The move would add value for Amazon Prime members, who saw increased subscription fees from $20 to $140 per year in the US and up to 43% more in Europe, depending on the region.

However, the deal, which “is more on the doctor enablement model,” poses a challenge even to Amazon’s logistics prowess, Fitzgerald said. Practices that opt ​​for telehealth visits continue to have mixed success in addressing issues of scale and availability for growing patient lists.

“I think adding primary care physicians has been the hardest thing to do in the United States,” Fitzgerald said. “There was skepticism as to how you can scale and still deliver quality, which is really all that matters in healthcare, especially if you’re on a value-based contract where you only get paid for quality. So Amazon will have to learn to put those kinds of numbers.”

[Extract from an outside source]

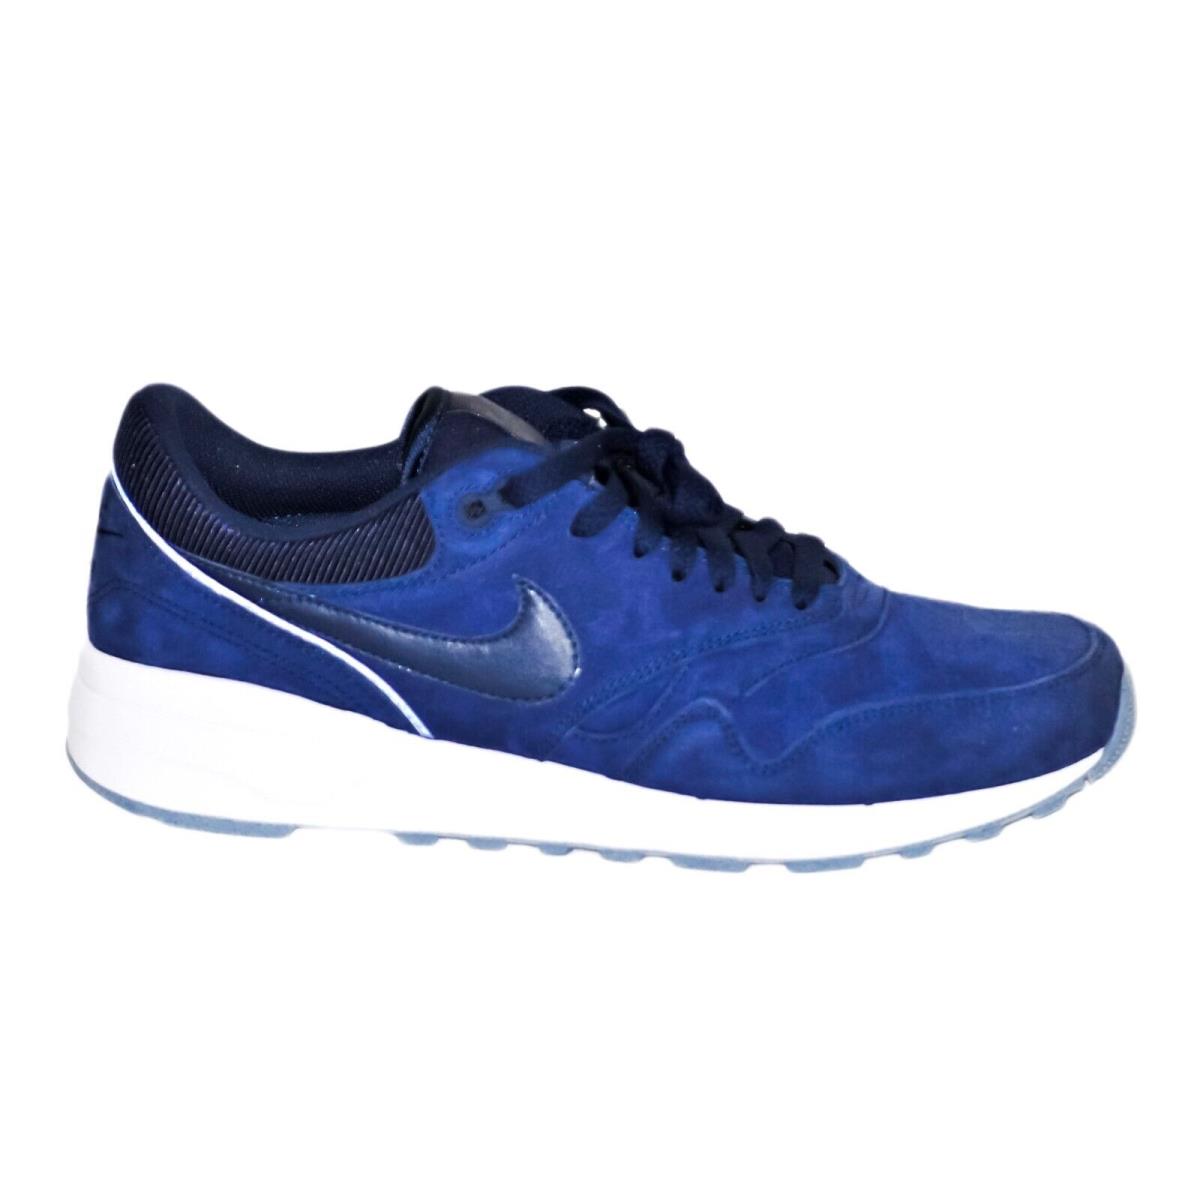 Nike shoes Air Odyssey - Obsidian White, Blue, Gray 0

In other words, while the health care industry’s turmoil represents a huge opportunity for Amazon and other investors who have tried to cash in, it’s also fraught with potential pitfalls.

“There is a symbiotic benefit to helping One Medical scale,” Fitzgerald said. “But I don’t think the Amazon team should be the one managing a clinical asset; they should leave that to the clinical experts.”

SAN RAFAEL, CALIFORNIA - JULY 21: A sign is posted in front of a One Medical office on July 21, 2022 in San Rafael, California.  Amazon announced plans to acquire health provider One Medical for an estimated $3.9 billion.  (Photo by Justin Sullivan/Getty Images)

SAN RAFAEL, CALIFORNIA – JULY 21: A sign is posted in front of a One Medical office on July 21, 2022 in San Rafael, California. Amazon announced plans to acquire health provider One Medical for an estimated $3.9 billion. (Photo by Justin Sullivan/Getty Images)

‘A river too dangerous’

There are also concerns about the privacy of patient data.

Some they have speculated that Amazon could potentially use medical records to try to sell products on its e-commerce platform, prompting experts like Fitzgerald to ask, “What’s the HIPAA restriction around that?”

Amazon stated that, as required by law, it would never share the health data of One Medical patients without their permission, a spokesman said. market clock.

But that’s not to say that Amazon’s foray into the medical space doesn’t fuel existing concerns about how data is being used.

“I think it’s a fair question for consumers to ask Amazon how that relationship will be protected,” Fitzgerald said. She explained that although HIPAA is enshrined in the law, “that doesn’t mean people aren’t concerned on the fringes. [about] what it can mean to have a total image of you now as a consumer”.

“I think it would be too dangerous to cross a river for Amazon to start taking patient data and then try to monetize and use it,” Fitzgerald warned.